One of the hardest things about losing a pregnancy is that women are often expected (implicitly or explicitly) to grieve in silence. In the research for my book, I often ask women why our culture seems so uncomfortable with open dialogue on this issue. I get a lot of answers, but one of the simplest and most powerful is that when (if?) you tell them what happened, “people just don’t know what to say.” And so women keep quiet about their suffering, afraid of making someone else uncomfortable.

There are a lot of reasons why people might be speechless in the face of pregnancy loss. How could a baby die? Is this a private woman’s issue, like her period, and therefore taboo to discuss? How do you say you’re sorry about someone neither you, nor anyone except the parents, ever really met?

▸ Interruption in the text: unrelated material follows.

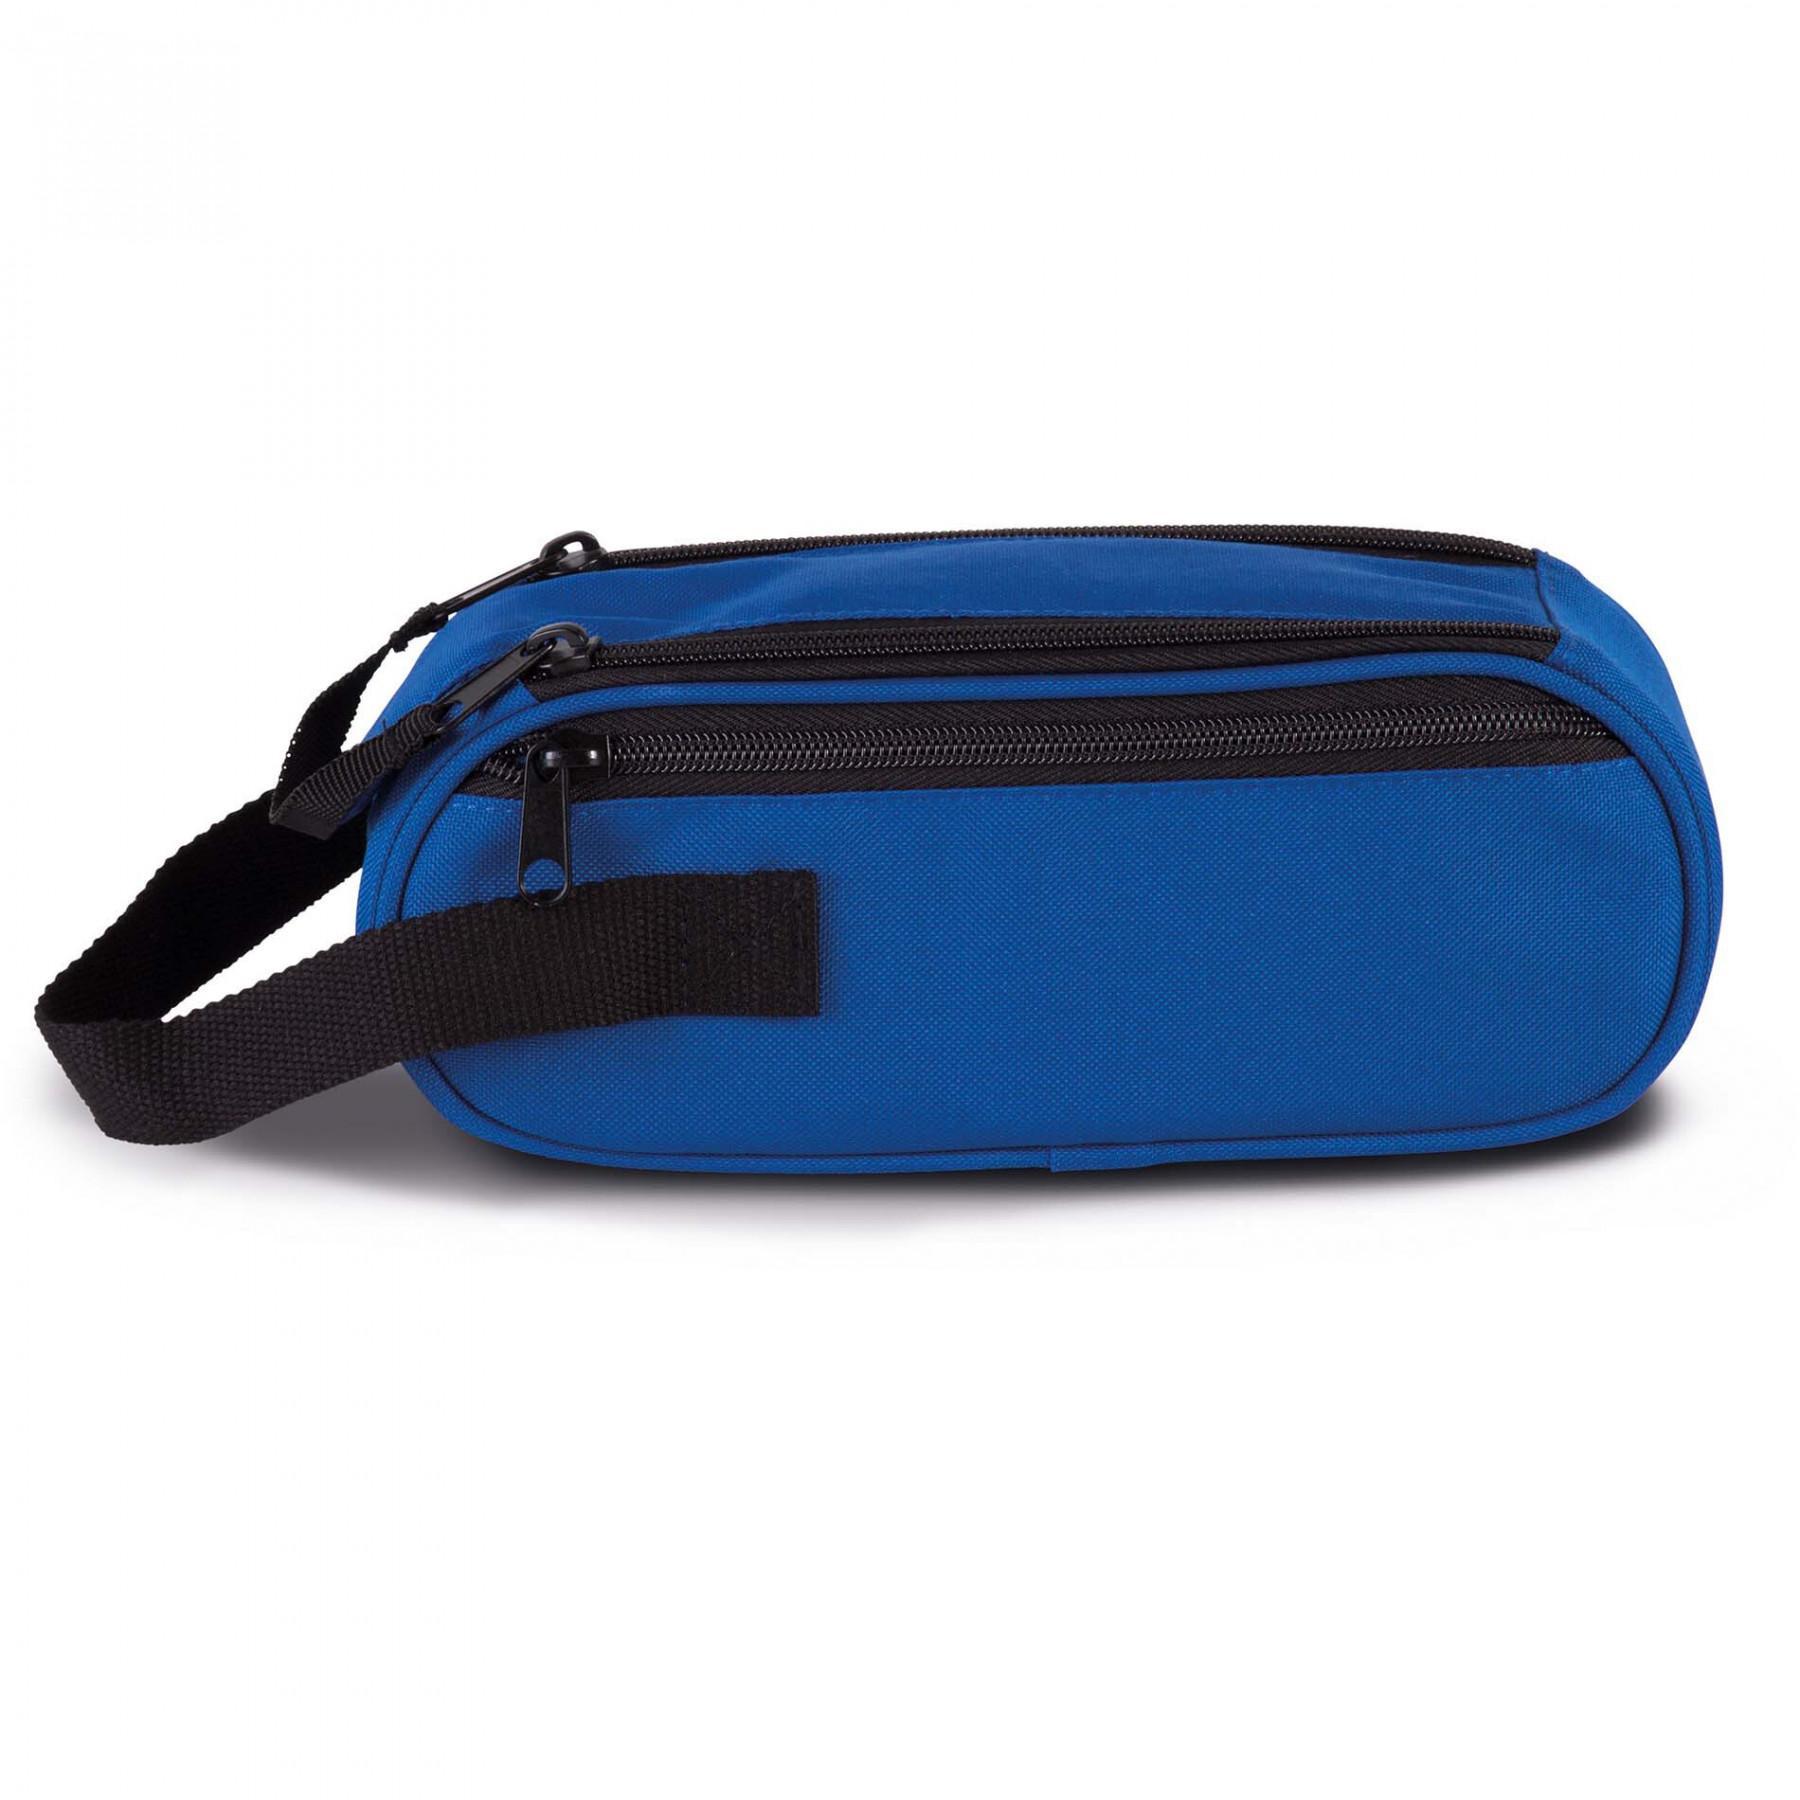 Bag Kimood de Pétanque Semi-Rigide

I’ve seen several articles on what not to say to a woman going through a loss. Don’t tell her that it was just “God’s plan” or that “there must have been something wrong with it.” Don’t try to make her feel better by telling her “at least you know you can get pregnant” or “you can just try again.” Don’t dismiss or minimize her grief over losing this particular baby, and don’t assume that another pregnancy will resolve it — or is even possible.

There are many potential landmines, and it doesn’t seem to leave us with many options about what we can say that might actually help. Even if we keep things simple with an “I’m sorry for your loss,” or an “I’m thinking about you and I’m here for you,” these can sound and feel like cliches for the person who truly wants to support the bereaved parent. So what can we do that feels more proactive and more impactful, knowing that words alone may always be inadequate?

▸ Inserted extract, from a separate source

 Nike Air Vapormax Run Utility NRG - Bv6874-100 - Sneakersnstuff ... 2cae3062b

I recently read about the concept of “holding space” for someone, and it could be very useful in helping to support woman and families who have experienced pregnancy loss. It means

that we are willing to walk alongside another person in whatever journey they’re on without judging them, making them feel inadequate, trying to fix them, or trying to impact the outcome. When we hold space for other people, we open our hearts, offer unconditional support, and let go of judgement and control.

What would it look like to hold space for a woman who has lost a pregnancy? It would mean sitting with her in the dark while she eats Cocoa Pebbles and watches I Love Lucy reruns for hours on end. You can leave other food in the fridge or the oven for her, but if it’s the Cocoa Pebbles she wants right at that moment, let her have them. It might mean getting her power cord from the other room when her computer battery starts to run low, because she has spent the day desperately searching the Internet, trying to figure out what went wrong and how to fix it. And if after that day, buying all the fertility teas on the Internet is what she wants, offer to brew the first cup when it arrives. It would mean taking her to Target just for fun, and putting your arm around her but not saying anything when she spots the aisle of baby clothes you tried so hard to steer her away from. It would mean taking her phone if she gets sick of answering calls and texts, and doing it for her. It would mean being willing to cry yourself, if the loss has hurt you as well, and not shielding her from your own emotion.

It would mean simply being there, quietly and attentively, and letting her experience her loss. Letting her wallow in it for awhile if she needs it and not being afraid to face her pain with her, giving her the space and the time to figure this out herself but not by herself. For many women, life after pregnancy loss is irrevocably changed and there’s no point denying that it can’t go on just as it did before. What matters is how you show that you understand that fact, even if you don’t understand the experience itself.